I think he’s trying too hard here.
Well, sure, it’s that kind of essay — not the staid “on the one hand… but on the other…” kind.
Happy Thanksgiving to all Hatters who give thanks.
And the same right backatcha! We had a good turkey dinner at the sis-in-law’s, with plenty of stuffing, mashed potatoes, gravy, cranberry sauce, and wine, and now we’re back home recovering.
…huh. The canonical German version is Ritter von der traurigen Gestalt, which is pretty close to “sad sack”.
Norw. ridderen av den bedrøvelige skikkelse. That looks like it would be the same in Danish.
In English he can also have a Dolorous or Woeful Countenance, and probably others—yes, some discussion here.
I find Hurley’s addition of “of Mournful Countenance” odd. I don’t see a problem with “…the lean figure of the knight would be no less poetic…”
Thanks for sharing this essay, Hat—I love the idea of the UDC and was enthralled even before Clune got to Gogol.
Satire can mean a dozen things, but surely there’s a tradition of reading Juvenal as exactly the kind of satirist Clune is talking about, one who critiques life as it is for not living up to the one way life should be. I remember reading an early-twentieth-century British educator half-lamenting that his (or his students’?) generation didn’t like Juvenal as much as past generations, because they had lost their sense of and longing for the one strict moral way.
And I think there’s something in it. Satire 2 is a series of vicious attacks on one type after another, but they are constantly being compared to examples of virtue they fall short of (but hypocritically liken themselves to). You don’t have to look far to find an explicit “term of comparison which is not degraded, corrupt, insane or vile.”
Esse aliquos manes et subterranea regna
Cocytum et Stygio ranas in gurgite nigras,
atque una transire vadum tot milia cumba
nec pueri credunt, nisi qui nondum aere lavantur.

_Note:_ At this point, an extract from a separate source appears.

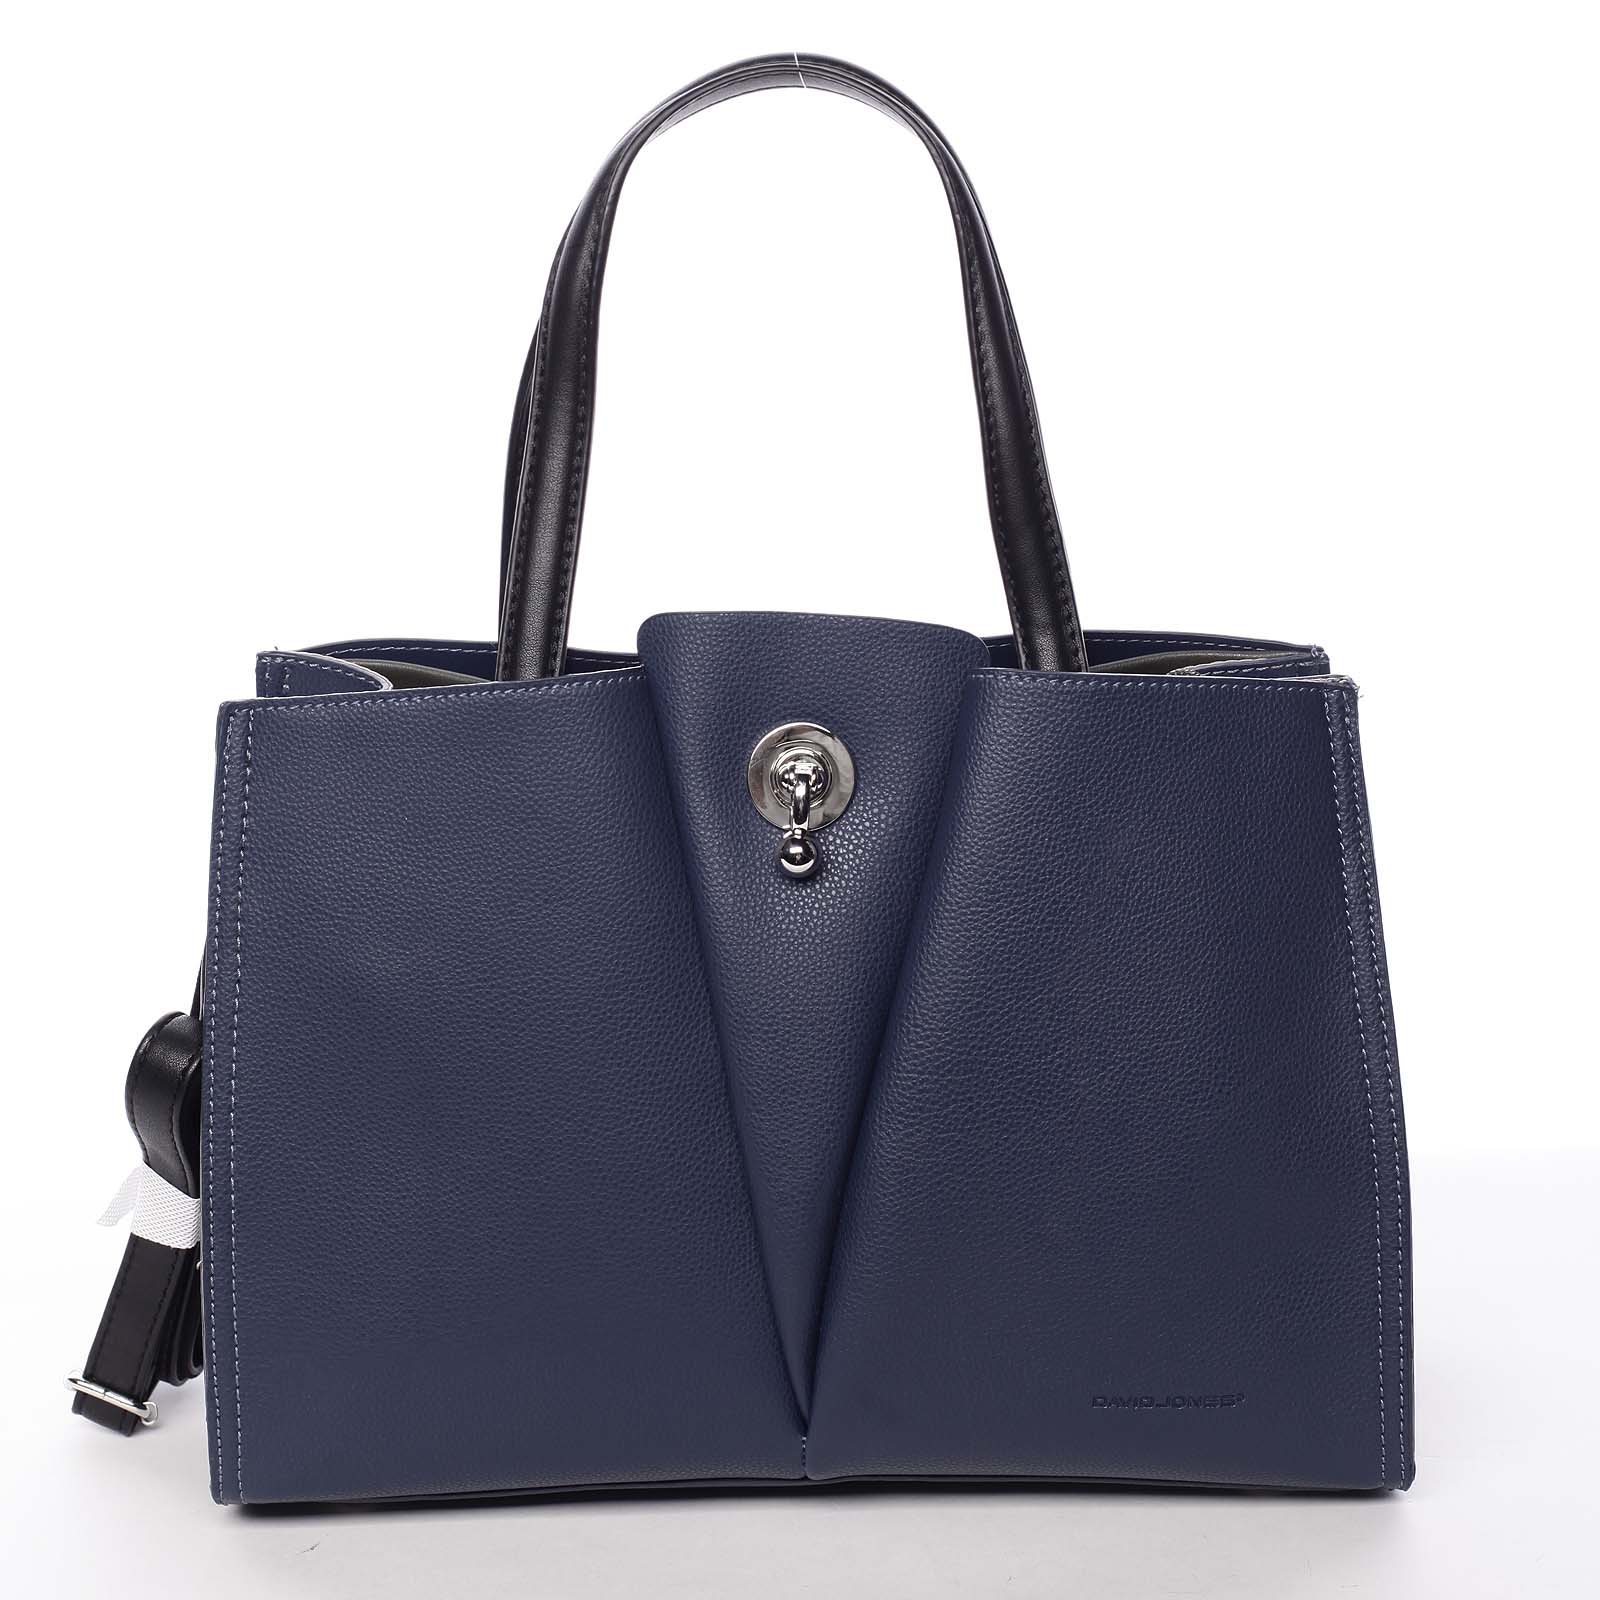 Luxusní dámská tmavě modrá kabelka do ruky - David Jones Aedon

sed tu vera puta: Curius quid sentit et ambo
Scipiadae, quid Fabricius manesque Camilli,
quid Cremerae legio et Cannis consumpta iuventus,
tot bellorum animae, quotiens hinc talis ad illos
umbra venit? cuperent lustrari, si qua darentur
sulpura cum taedis et si foret umida laurus,
illic heu miseri traducimur.
That ghosts exist at all, or the realms of the Underworld,
Cocytus, and the whirl of black frogs in the Styx,
Or all those thousands crossing the flood in one boat,
Not even children believe, unless wet behind the ears.
But suppose it were true: what would the shade of Curius feel,
What of the shades of the Scipios, of Fabricius or Camillus?

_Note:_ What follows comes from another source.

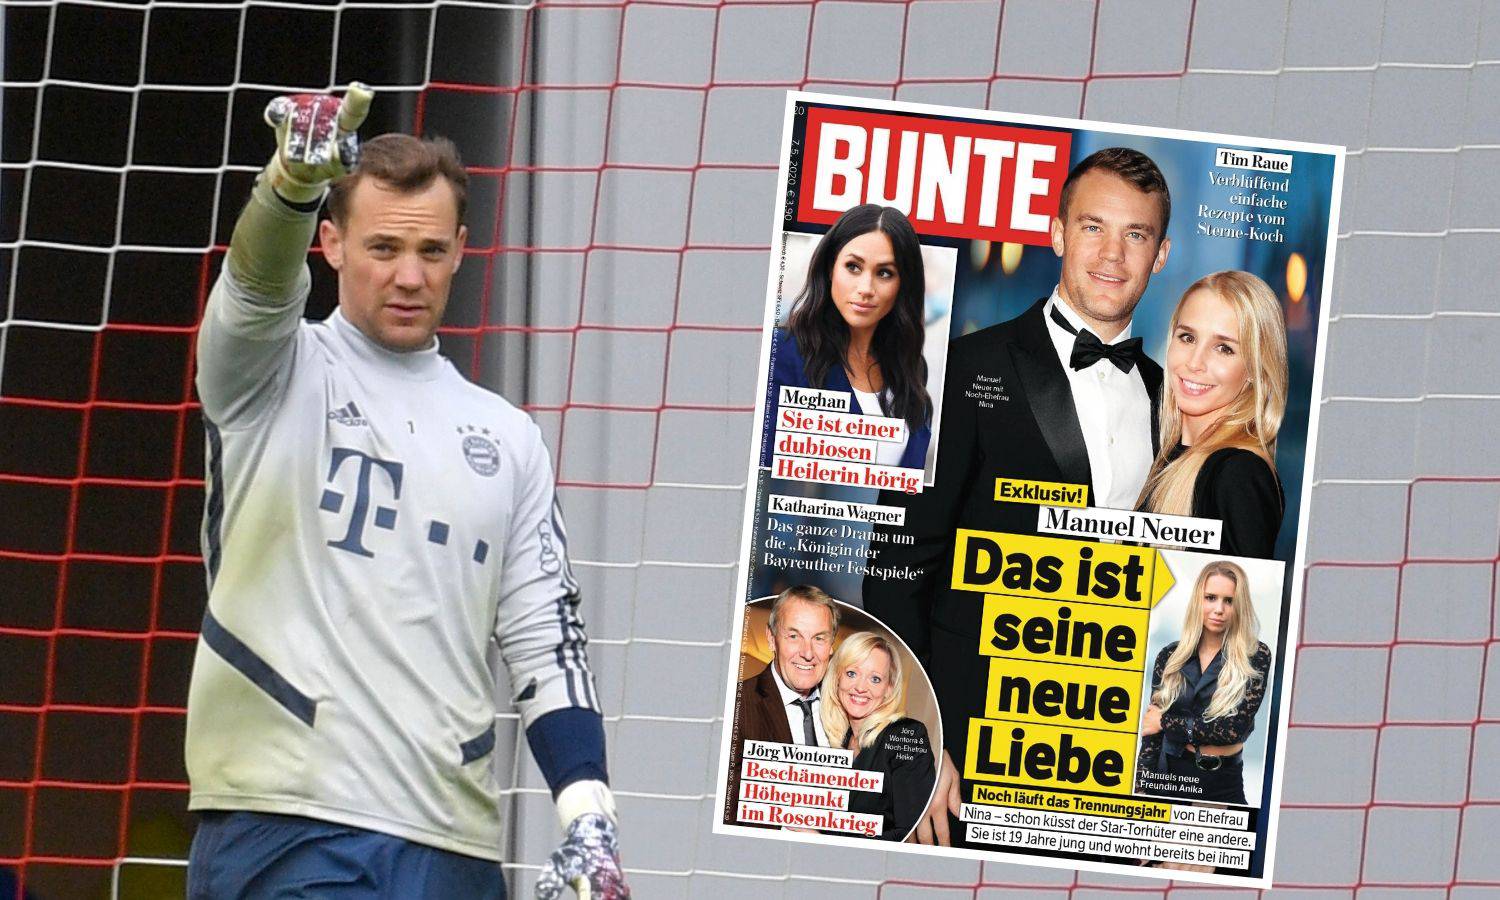 Neuer ljubi 15 godina mlađu, a ona sliči njegovoj bivšoj ženi...

What of the legion at Cremera, the young men ruined at Cannae,
The dead of all those wars, what would they feel when a ghost
Descended from here? They’d desire purification, if they had
There, the sulphur, the flaming torches, and the moist laurel.

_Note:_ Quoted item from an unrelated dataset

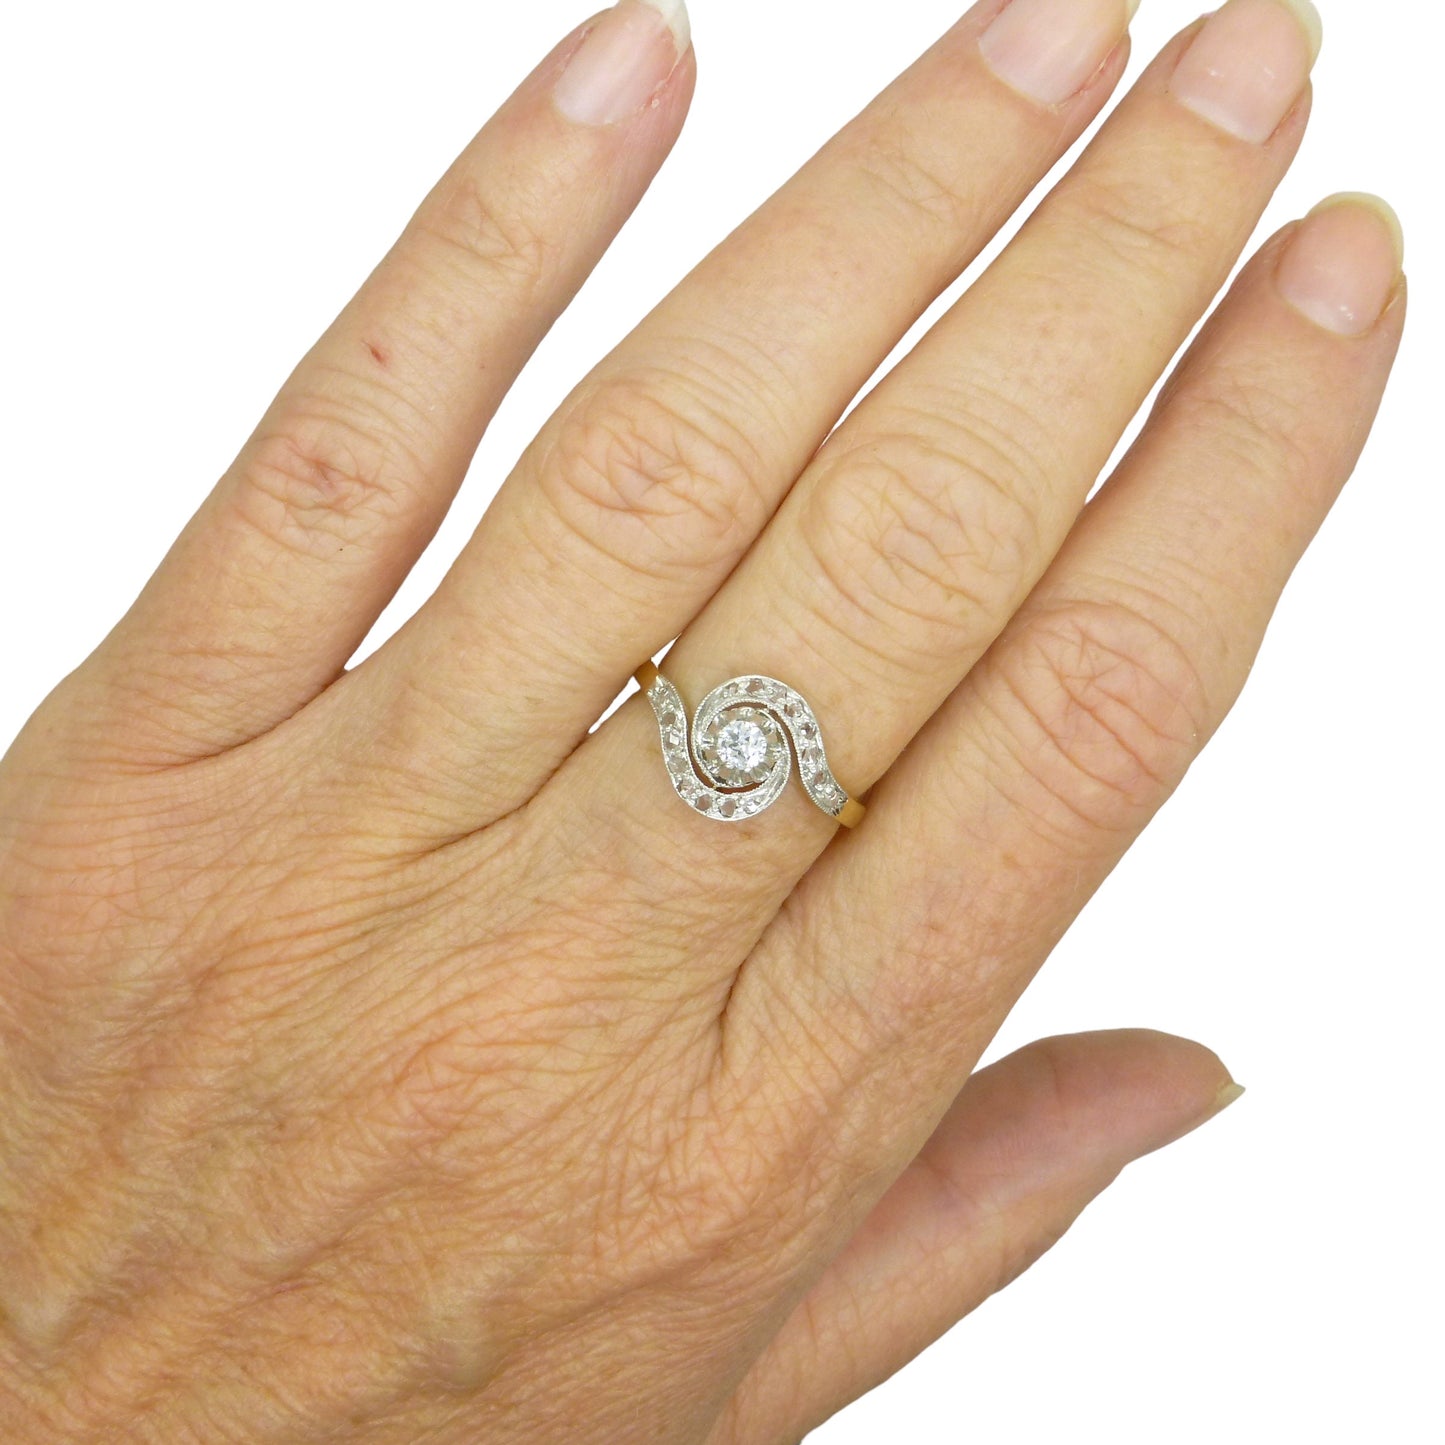 Antique French 18ct diamond tourbillon solitaire ring ~ Edwardian - Belle Èpoque c1900-1910

Down there, alas, we’d be paraded in shame.
(translation by A. S. Kline)
An excellent example.
Seems to me Waugh, in his early works anyway, is also implicitly comparing everyone to an ideal that everyone falls short of, which is why the reader enjoys the satire. The narrator in a novel like „Handful of Dust” or „Scoop” is omnisciently superior to all the stupid venal characters, and the reader identifies with the narrator. „Everyone but me is an idiot” may verge on facile satire but it can still be satire.
“Doleful” is an adjective I have perhaps never seen other than attached to Don Quixote’s Countenance.
@Trond, almost: Ridderen af den bedrøvelige Skikkelse. Your v gives you away.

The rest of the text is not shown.